◆ WHAT IS REQUIRED
Should the listing contain images, exclude them; give the rest again exactly.

◆ DATA BELOW
------------------------------

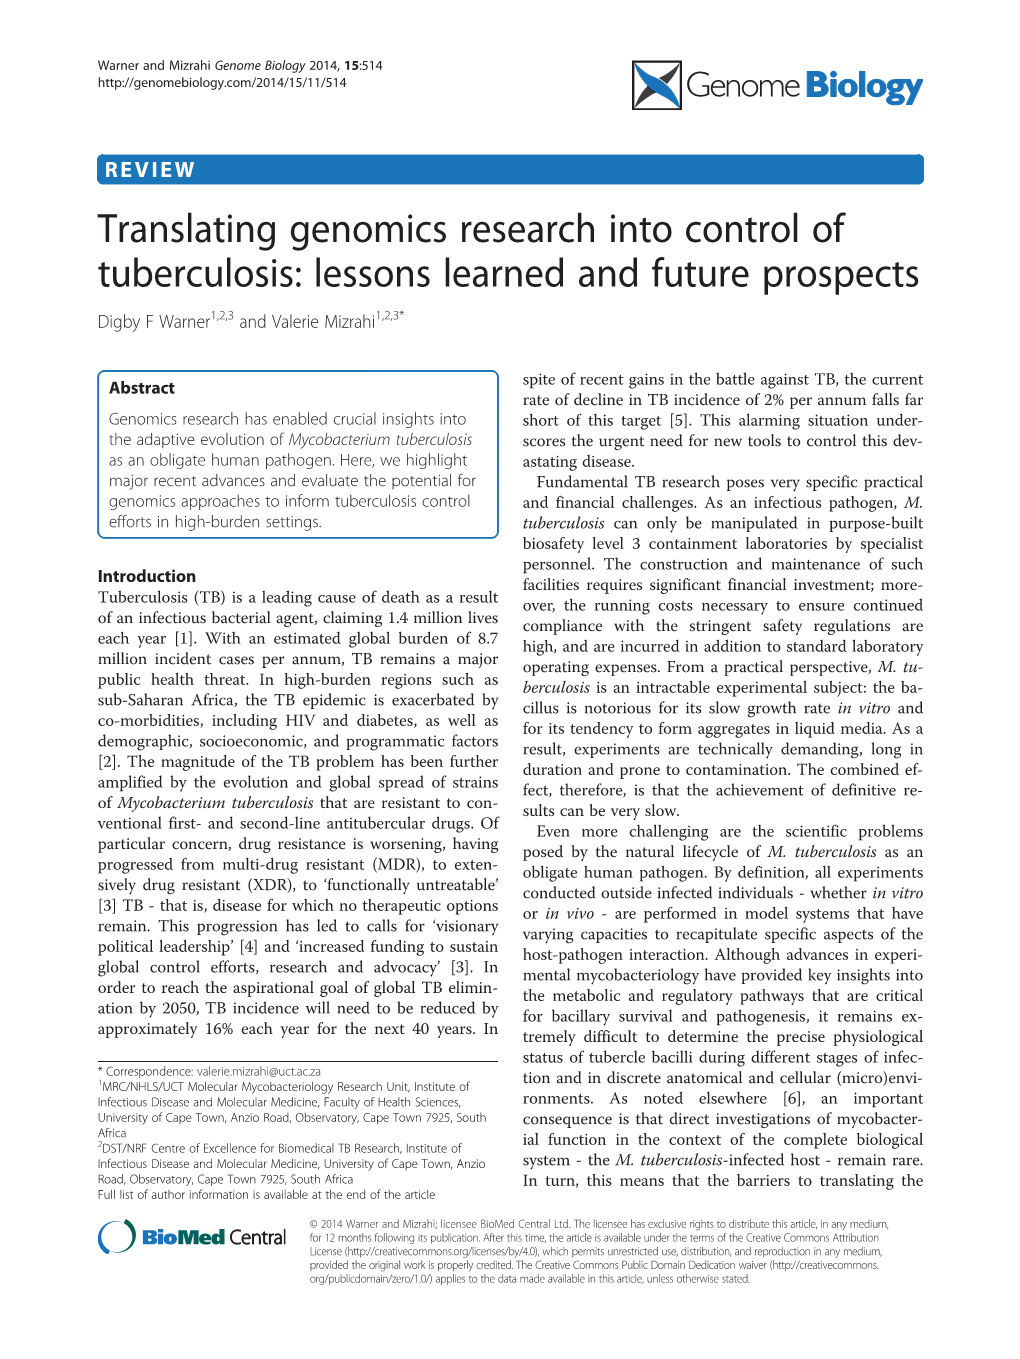 Translating Genomics Research Into Control of Tuberculosis: Lessons Learned and Future Prospects Digby F Warner1,2,3 and Valerie Mizrahi1,2,3*
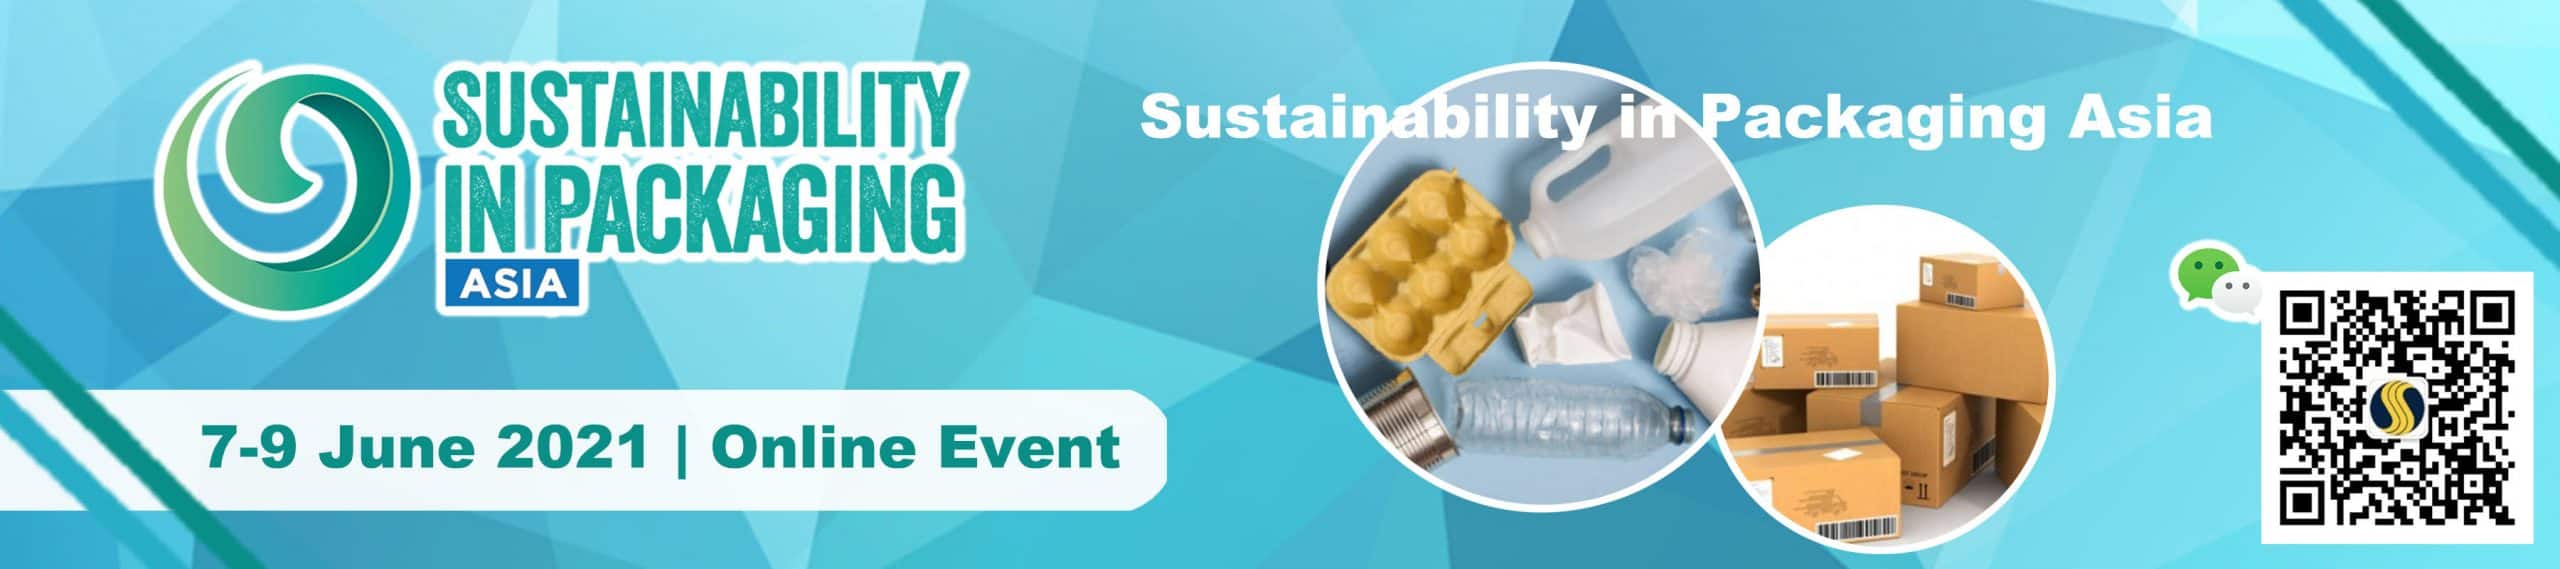 Sustainability in Packaging Asia 2021
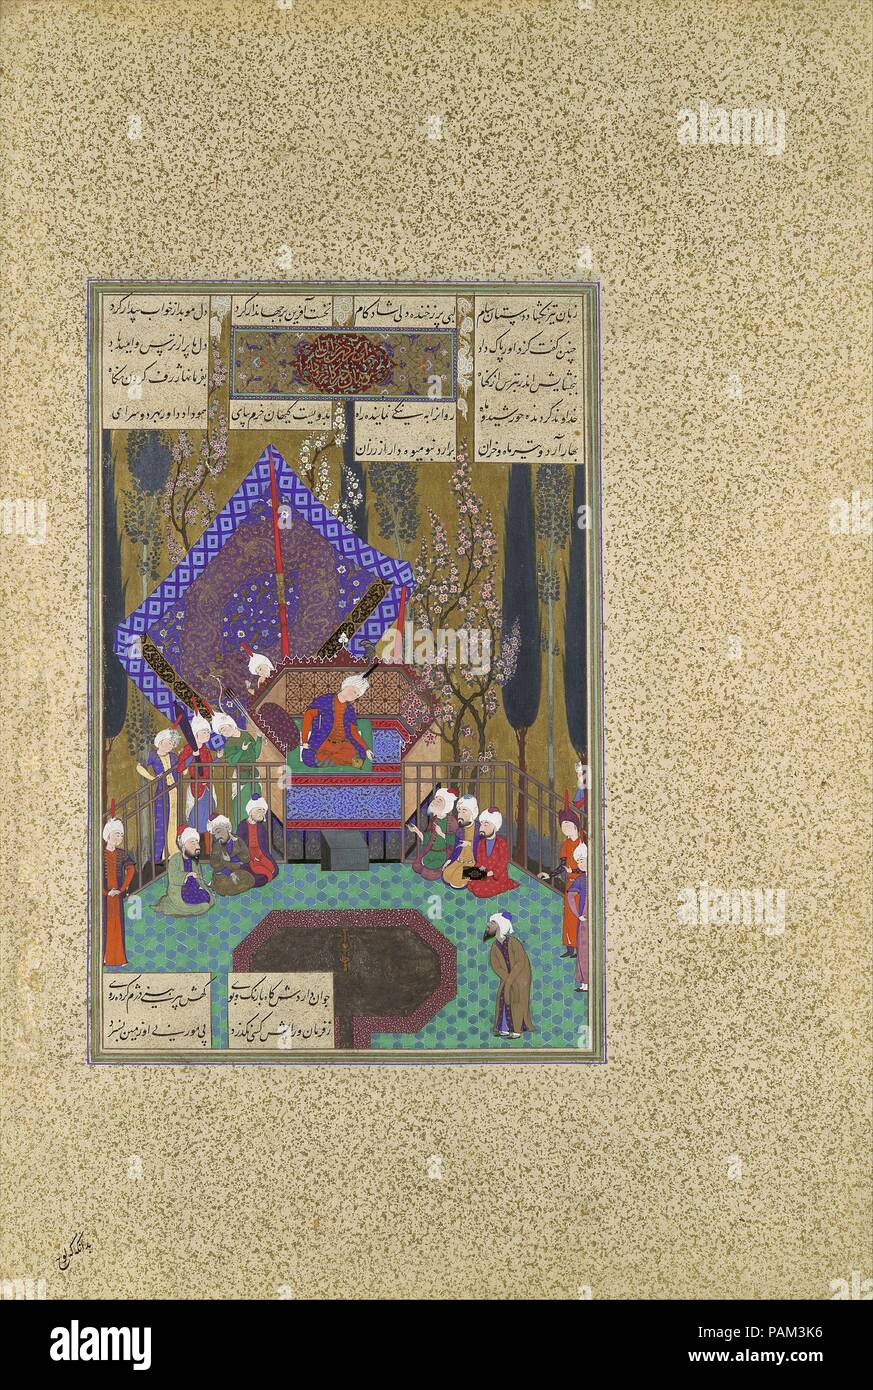 'Zal Consults the Magi', Folio 73v from the Shahnama (Book of Kings) of Shah Tahmasp. Artist: Painting attributed to Sultan Muhammad (active first half 16th century) , assisted by 'Abd al-'Aziz. Author: Abu'l Qasim Firdausi (935-1020). Dimensions: Painting: H. 11 1/16 x W. 7 1/4 in. (H. 28.1 x W. 18.4 cm)  Entire Page: H. 18 9/16 x W. 12 1/2 in. (H. 47.1 x W. 31.8 cm). Workshop director: Sultan Muhammad (active first half 16th century). Date: ca. 1530-35.  In this painting, Zal is depicted enthroned as he consults his magi, or Zoroastrian wise men, on how to win his father's approval to marry  Stock Photo
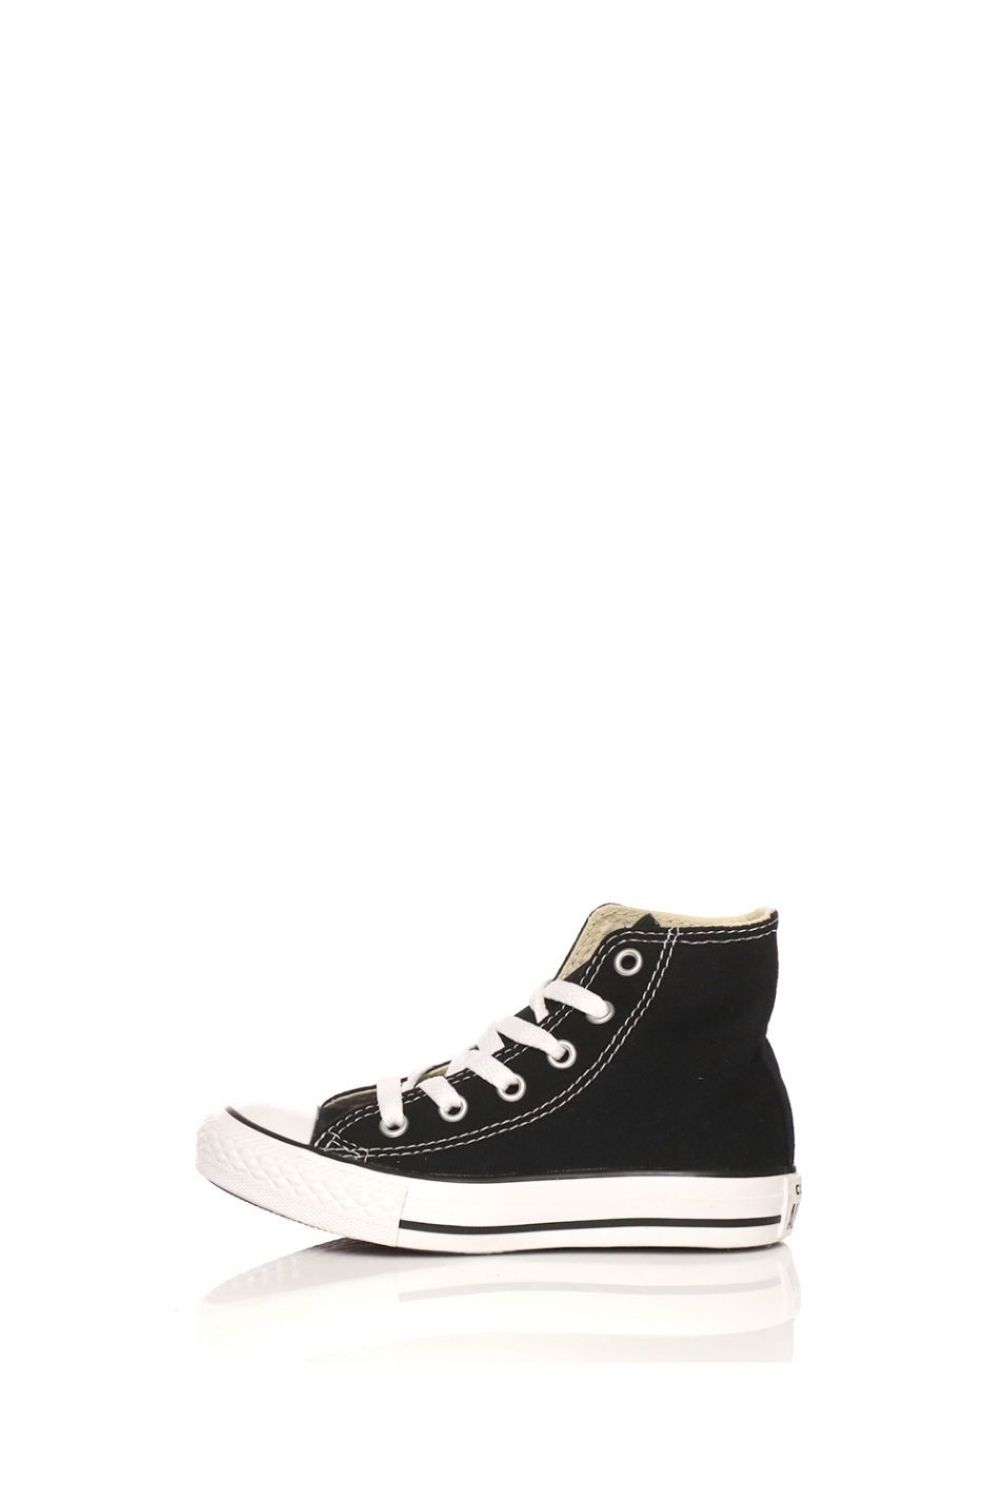 CONVERSE - Παιδικά μποτάκια Chuck Taylor All Star μαύρα Παιδικά/Girls/Παπούτσια/Sneakers

------------------------------

◆ SOLVED EXERCISE
 Translating Genomics Research Into Control of Tuberculosis: Lessons Learned and Future Prospects Digby F Warner1,2,3 and Valerie Mizrahi1,2,3*
 Sustainability in Packaging Asia 2021
 'Zal Consults the Magi', Folio 73v from the Shahnama (Book of Kings) of Shah Tahmasp. Artist: Painting attributed to Sultan Muhammad (active first half 16th century) , assisted by 'Abd al-'Aziz. Author: Abu'l Qasim Firdausi (935-1020). Dimensions: Painting: H. 11 1/16 x W. 7 1/4 in. (H. 28.1 x W. 18.4 cm)  Entire Page: H. 18 9/16 x W. 12 1/2 in. (H. 47.1 x W. 31.8 cm). Workshop director: Sultan Muhammad (active first half 16th century). Date: ca. 1530-35.  In this painting, Zal is depicted enthroned as he consults his magi, or Zoroastrian wise men, on how to win his father's approval to marry  Stock Photo
 CONVERSE - Παιδικά μποτάκια Chuck Taylor All Star μαύρα Παιδικά/Girls/Παπούτσια/Sneakers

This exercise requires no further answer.